Le mousse, scandalisé :

— T’es pas honteux ? Un fi d’pêqueux !… Et d’abord, queu genre de voiles qu’on a par chez nous ?… Tu sais point ?… Pisqu’on n’en est encore qu’à la coque : qui qu’ça est qu’l’écubier ?… Qui qu’ça est qu’l’étambot ?… Où qu’tu places les œuvres vives ? Et les œuvres mortes ?… Non ?… Tu n’sais rien ?… Et l’safran, où qu’il est ?… Et l’tableau ?… Et l’étrave ?… Et les lisses ?… Et l’gaillard ?…

La mère hochait la tête, geste de cane. Ludivine, moqueuse :

— Tu nous éluges, avec tes berdi berdâ !… Et d’abord, faut s’coucher !… Tu nous prêcheras tout ça un aut’jour.
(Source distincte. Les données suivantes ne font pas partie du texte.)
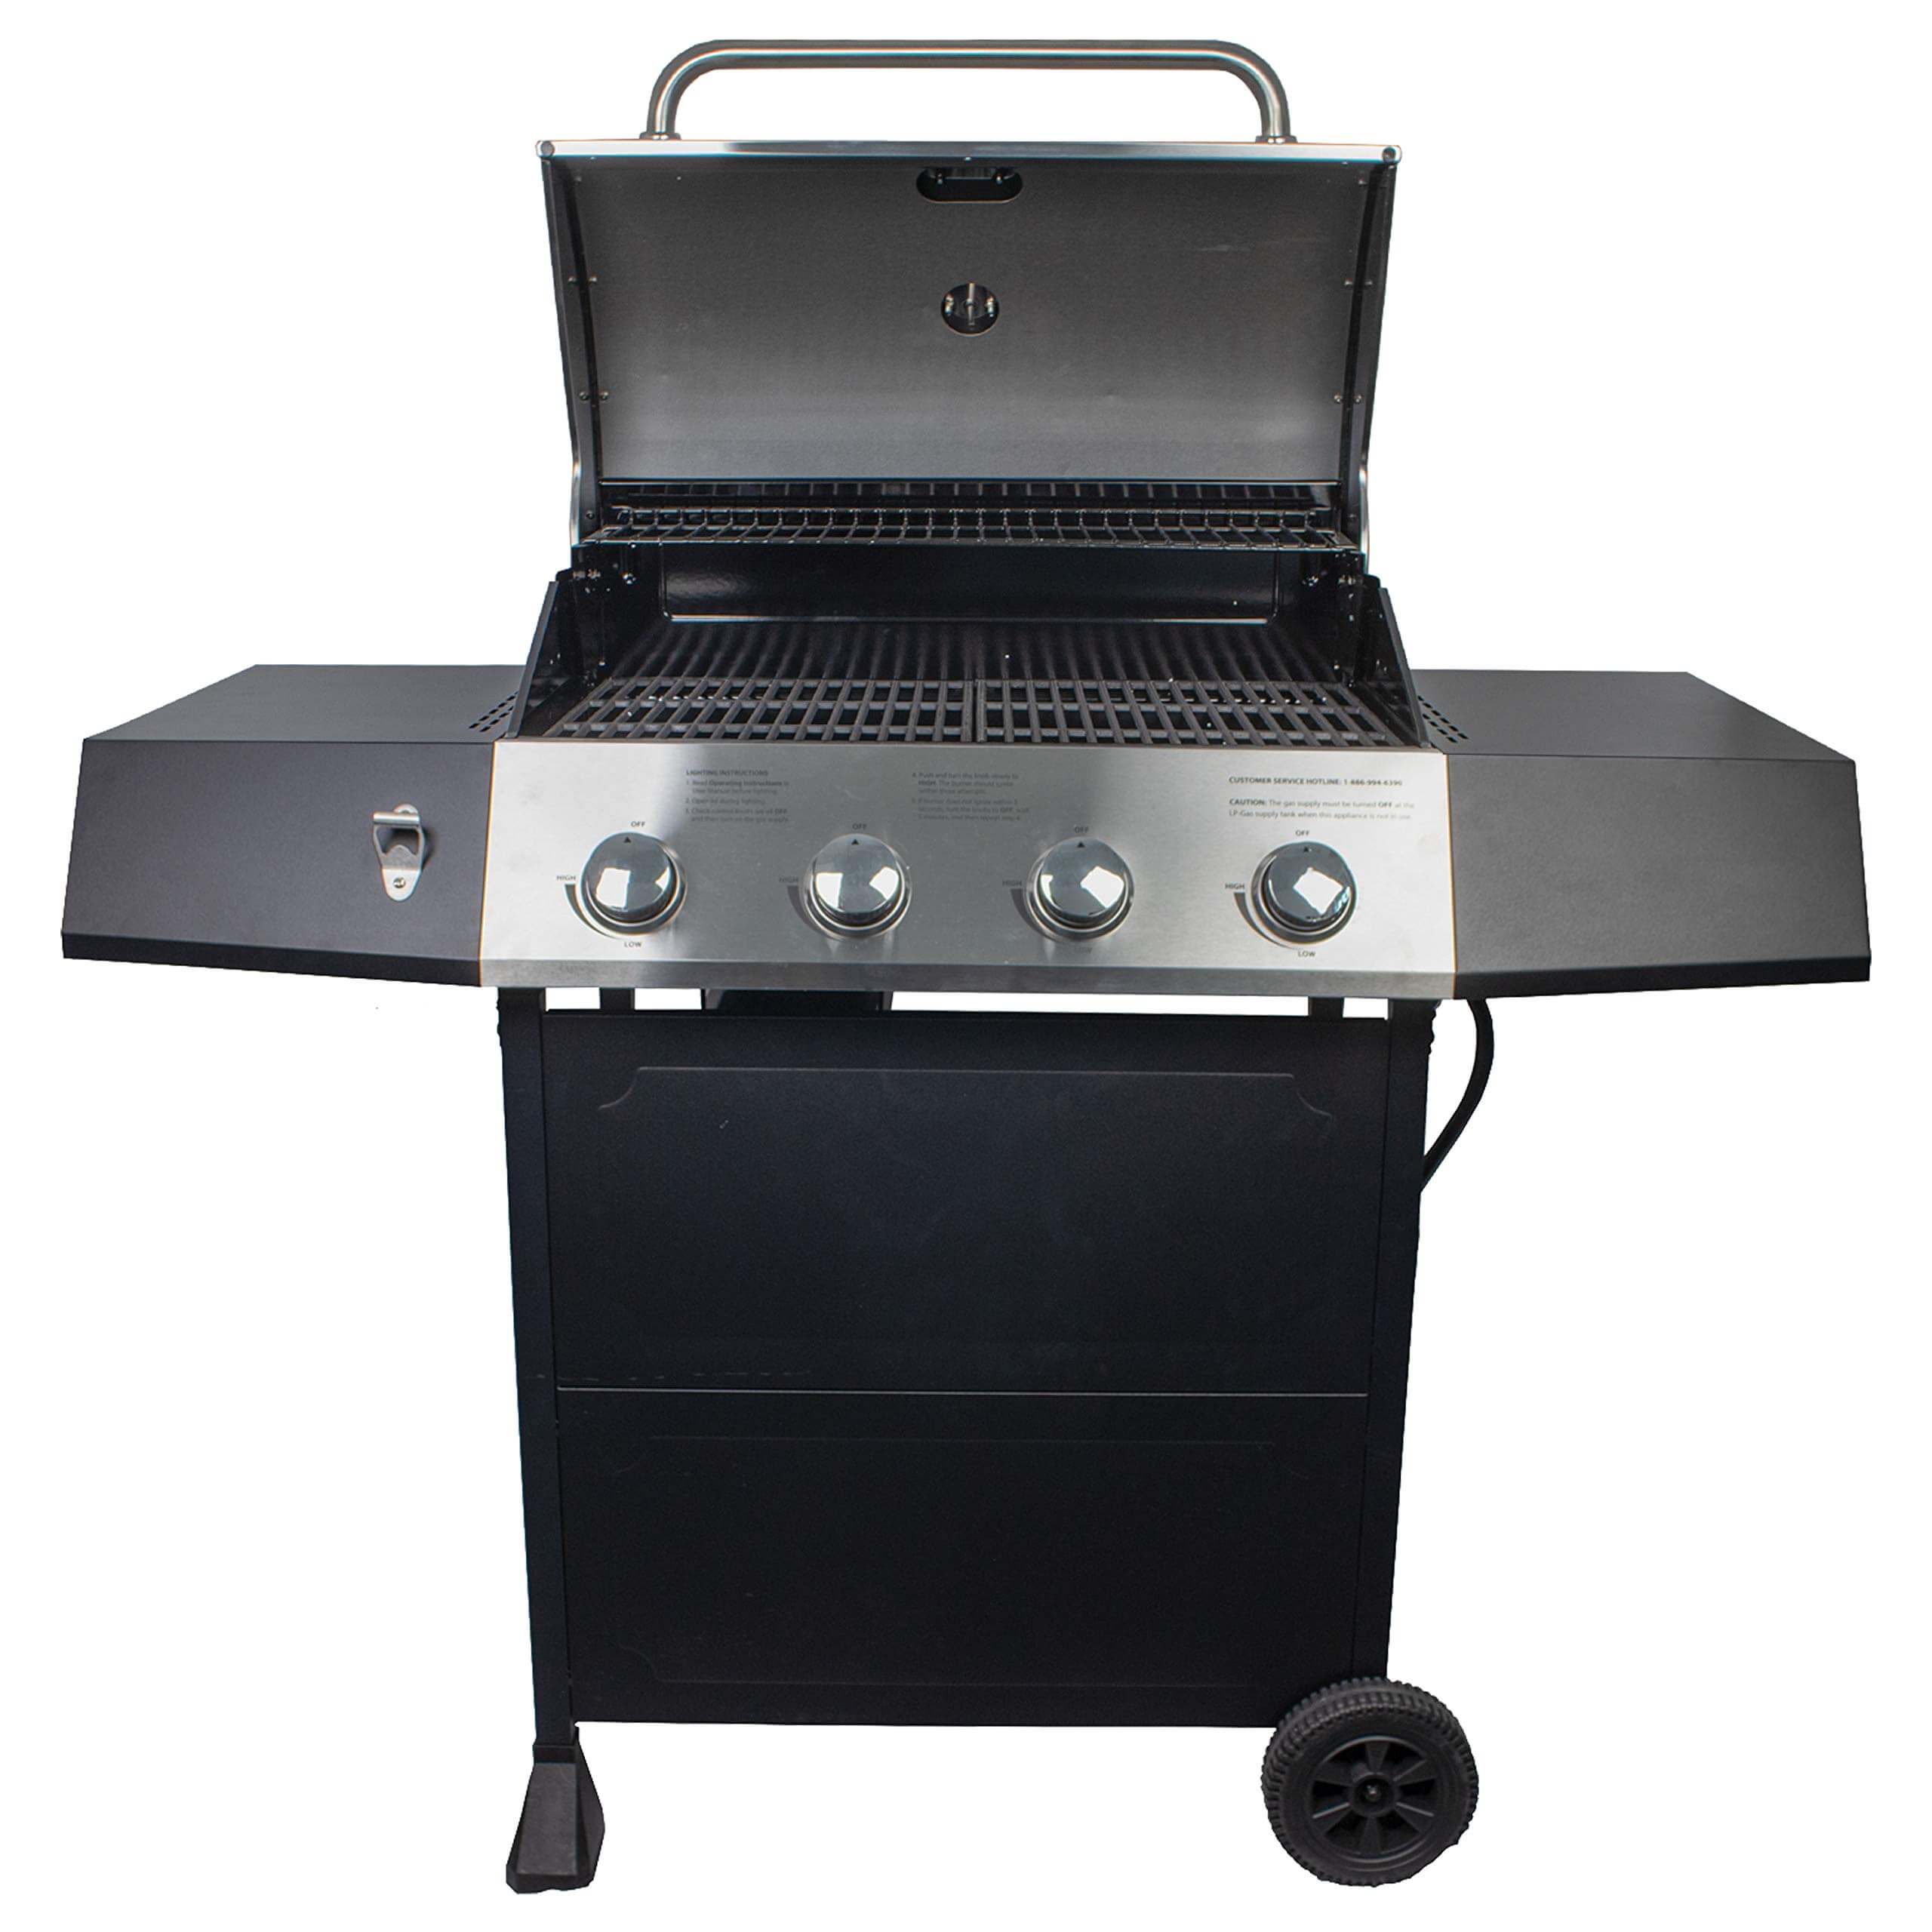 Cuisinart CGG-7400 Full Size Four Burner Gas Grill, best value gas grill, best rated gas grills, best gas grills under 300, best gas grill under 300, best gas grill under $200, best smokers under 300, Best Gas Grill under $300 for Delicious and Easy Home Grilling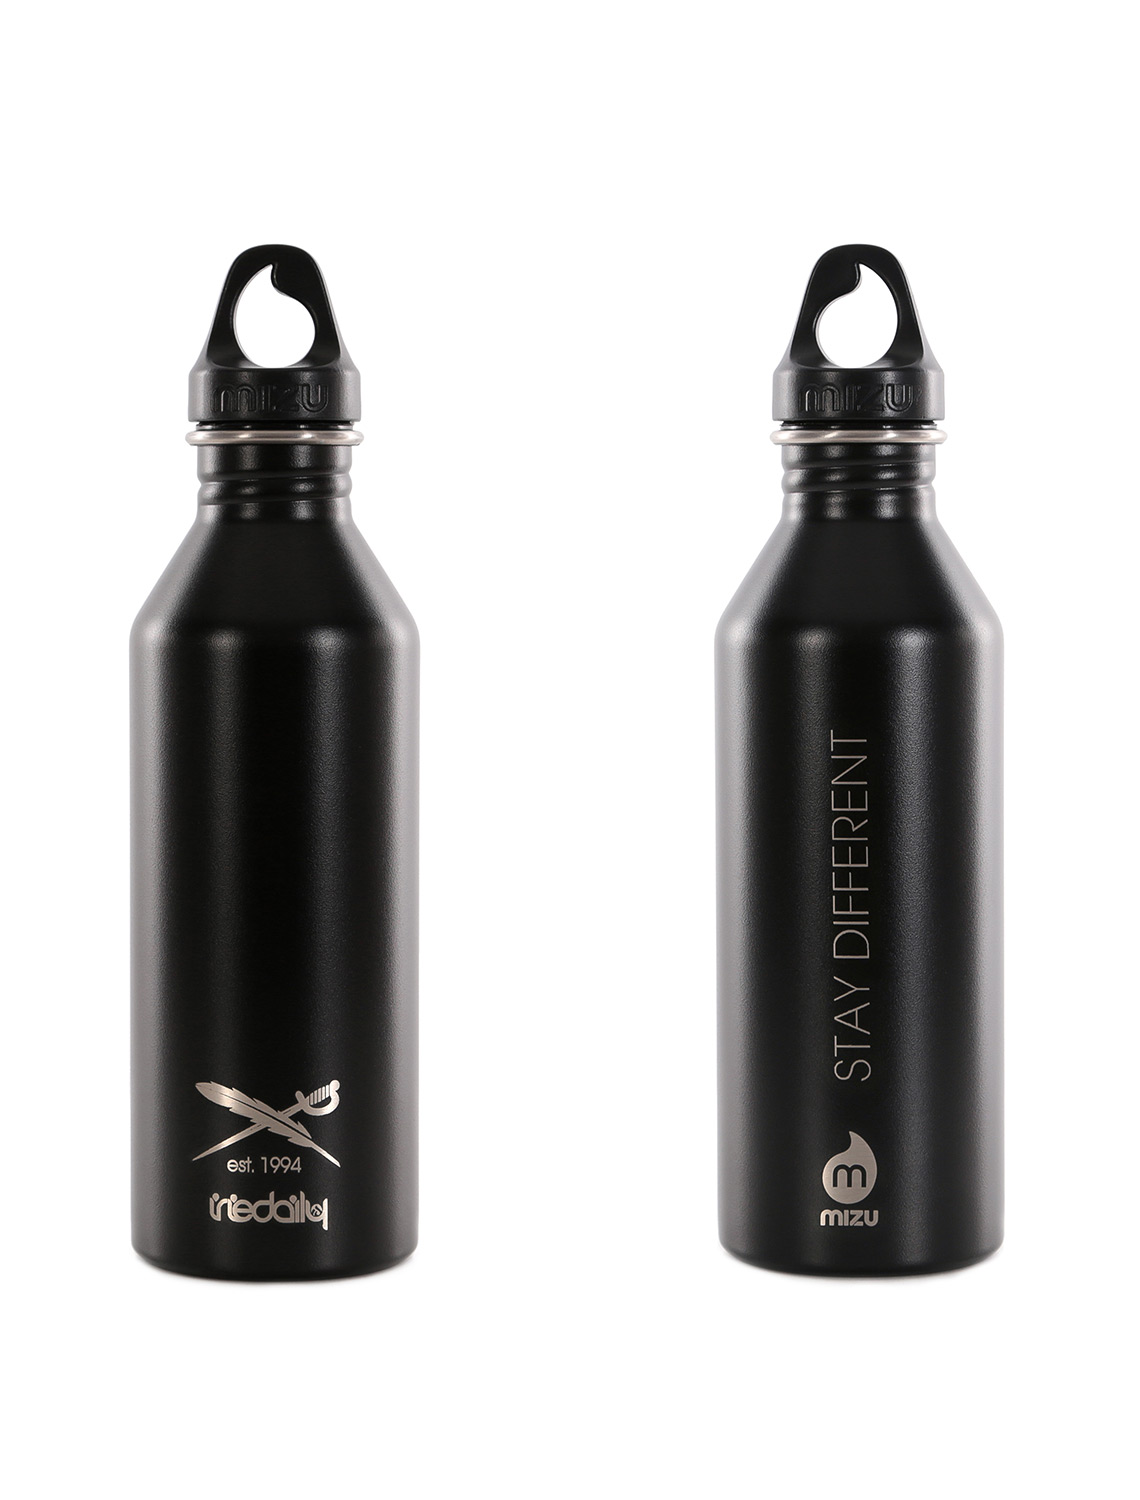 https://www.iriedaily.de/out/pictures/master/product/1/iriedaily-Daily-Flag-Bottle-black-A90B990_700.jpg

Les deux gamins, désolés de l’interruption, pleurèrent. Ils ne consentirent à gagner leur lit qu’après des gifles. Le bateau commencé resta sur le buffet, à côté de la bouteille magique. Il fallait attendre d’autres instants de loisir.


✽ ✽

Après avoir travaillé son crevettier qui commençait à prendre forme, un soir, au moment du coucher :

— J’ai pensé eune chose… dit Delphin. On n’devrait pas laisser finir le mois sans aller boire le lait de mai. Y a pas d’marée demain avant la soirante, si y on allait tous les quatre ? Par exemple, faudra s’lever de bonne heure !

Ludivine allait dire non. Mais sa mère ayant bougonné que c’étaient des idées envolées, la petite, par esprit de contradiction, décida que rien ne la tentait plus que cette partie.

Le lendemain, le jour n’est pas encore levé que les quatre sortent de la maison.